El Chico Que Leía Demasiado

Anoche y hoy bien temprano leí “Mujer sin hijo”, de Jenn Díaz.
Lo primero de todo: la contraportada, para que os situéis los que no conocéis la historia.
“En una sociedad distópica en la que se presiona desde las instituciones por cuestiones demográficas para que las mujeres tengan hijos, ‘Mujer sin hijo’ narra las vivencias de tres chicas jóvenes conectadas por la sangre y por el destino, a las que la maternidad en potencia o en acto, transforma.
Con un tono que se desplaza entre la melancolía y el desasosiego, y un estilo narrativo sencillo pero absorbente, la novela nos permite acompañar a las protagonistas más allá del miedo. Su voz, la voz de todas estas mujeres, opera en nuestras consciencias como ya lo hicieron ‘Michael K’. (Coetzee) o los chicos de ‘Nunca me abandones’ (Ishiguro).”
Tres mujeres sin hijo: Rita, Julia y Mónica. Me quedo con la vitalidad de la primera, el dolor de la segunda y la fuerza de la tercera. Me llamó muchísimo la atención la diversidad de personajes femeninos (y los múltiples guiños literarios), totalmente diferenciados y la voz propia de cada personaje. Aprecio realmente cosas como esa, porque enriquece muchísimo la novela. Creo que eso es a lo que llaman TALENTO.
“Mujer sin hijo” me recordó a “Kallocaína”, de Karin Boye (salvando las distancias).
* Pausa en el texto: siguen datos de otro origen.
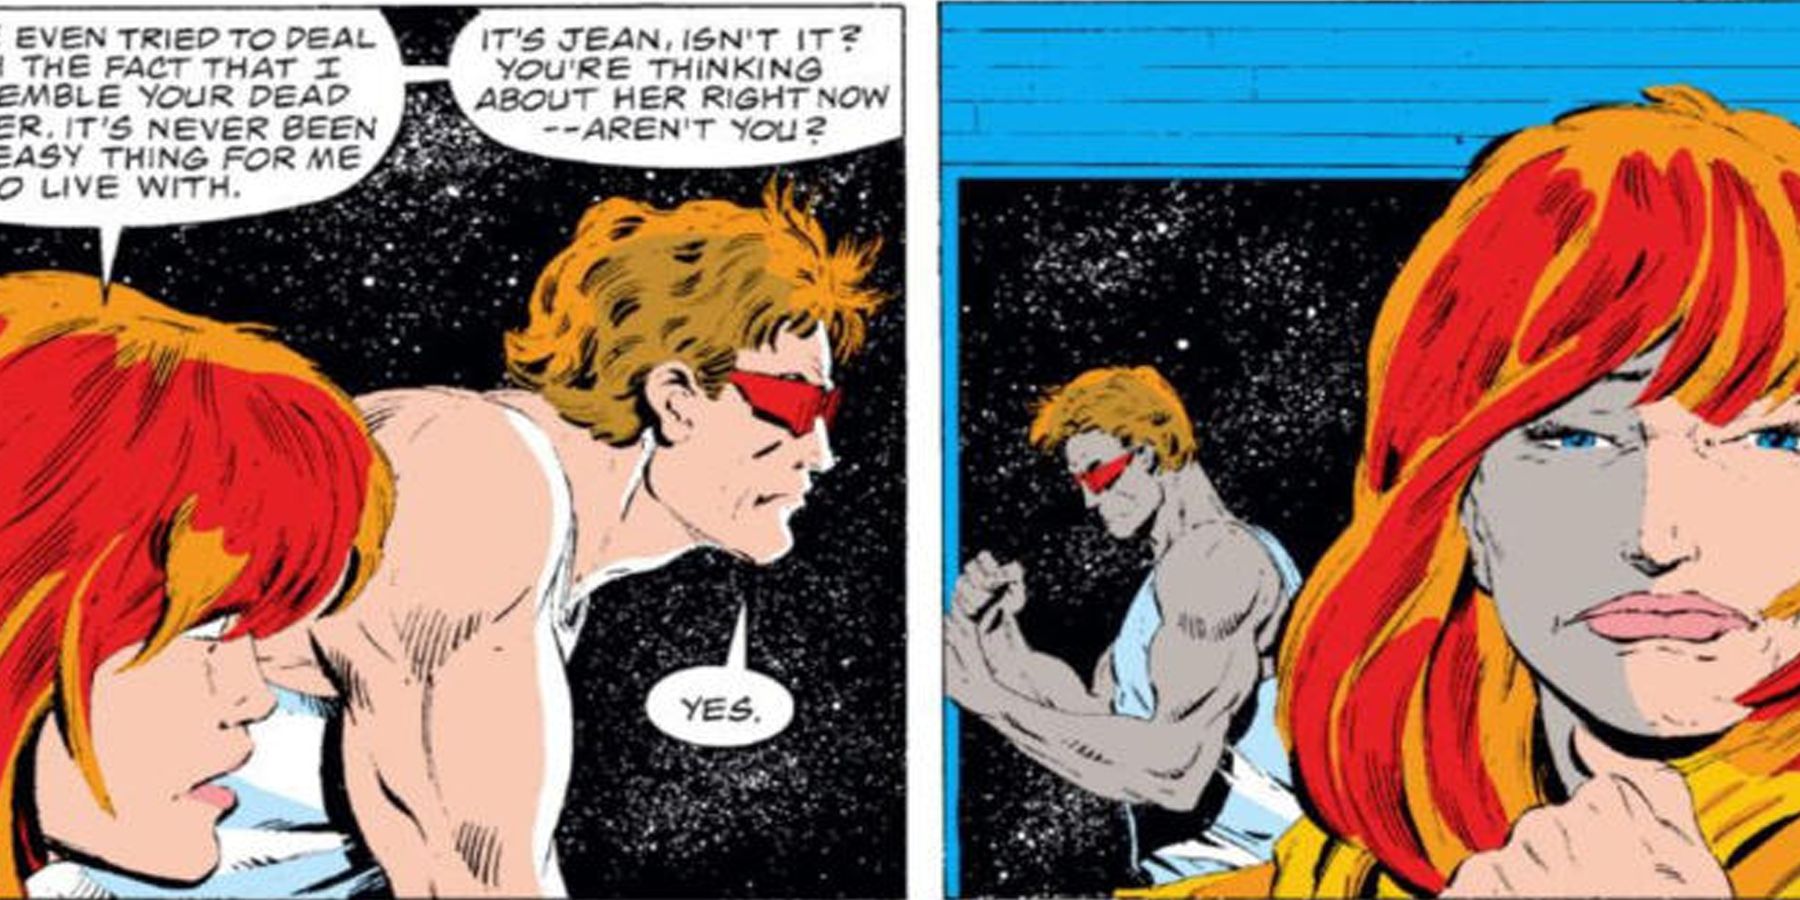 Scott Summers a.k.a. Cyclops and Madelyn Pryor from Marvel Comics

Me recordó también, cómo no, a la reforma que quizá se avecina. Me recordó la alegría que me produjo saber que “Es un decir” aparecerá en Lumen.
Pienso que si este libro se hubiese escrito hace muchos años o quizá por una escritora famosa… pongamos Carmen Laforet o Carmen Martín Gaite hoy sería un libro consagrado. De todas maneras, no me cabe duda de lo que será.
Esto tiene que ver con que muchas veces he pensado qué pondría en la contraportada de un libro si —oh, imaginando— me lo pidiesen.
Bien.
Pues esto es lo que pondría en “Mujer sin hijo”:
«Jenn Díaz pertenece ahora al canon literario español».
Nada más
y nada menos.
(y no exagero).

2 pensamientos en “El Chico Que Leía Demasiado

  1. Tiene muy buena pinta el libro; espero leerlo. El ambiente que describes parece interesante para una obra literaria, aunque me parece que la tendencia global (peculiaridades carpetovetónicas aparte) sería más bien hacia que se generalizara un control de la población drástico al estilo de China, en donde estuviese muy mal visto tener más de un hijo, e incluso se mirase por encima del hombro a quienes tuvieran uno.